In this regard it is important to remember that
sfnetworks
is a general-purpose package for spatial network
analysis, not specifically optimized for a single task. If your
only purpose is many-to-many routing in large networks, there
might be other approaches that are faster and fit better to your needs.
For example, the dodgr package was
designed for many-to-many routing on large dual-weighted graphs, with
its main focus on OpenStreetMap road network data. The cppRouting package
contains functions to calculate shortest paths and
isochrones/isodistances on weighted graphs. When working with
OpenStreetMap data, it is also possible to use the interfaces to
external routing engines such as graphhopper,
osrm and opentripplanner.
The stplanr package
for sustainable transport planning lets you use many routing engines
from a single interface, through stplanr::route()
,
including routing using local R objects. Of course, all these packages
can be happily used alongside sfnetworks
.
The function st_network_paths()
is a wrapper around the
igraph function igraph::shortest_paths()
. There are two
main differences:
st_network_paths()
gives the additional option to provide any (set of) geospatial point(s)

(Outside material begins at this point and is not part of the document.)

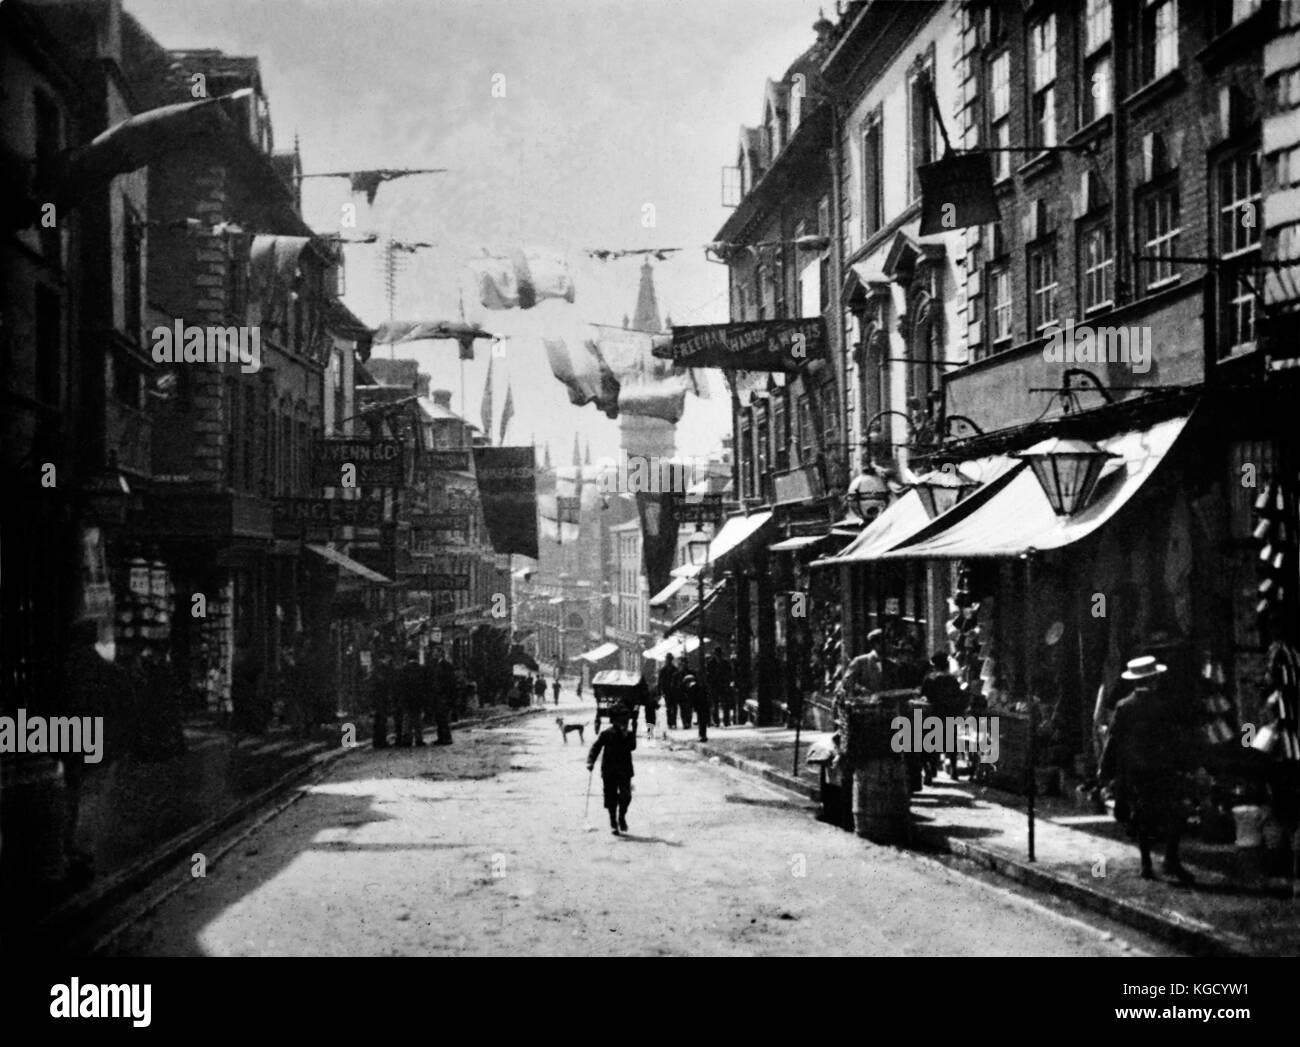 Shropshire imágenes históricas en el Reino Unido, las fotografías de otro siglo. Histórica perdida Imagen De Stock

as from and to location(s) of the shortest paths,
either as sf or sfc object. Provided points that do not equal any node
in the network will be snapped to their nearest node before calculating
the paths.st_network_paths()
is a tibble, with one row per returned
path. The column node_paths contains the ordered list of node
indices in the path, and the column edge_paths contains the
ordered list of edge indices in the path.Just as igraph::shortest_paths()
, the
st_network_paths()
function is meant for one-to-one and
one-to-many routing. Hence, it is only possible to provide a single
from location, while the to locations can be more than
one.
Lets start with the most basic example of providing node indices as from and to locations. Remember that a node index in a sfnetwork refers to the position of the node in the nodes table of the network (i.e. its row number). There is also the possibility to use character encoded node names instead of numeric node indices. This requires the nodes table to have a column name with a unique name for each node.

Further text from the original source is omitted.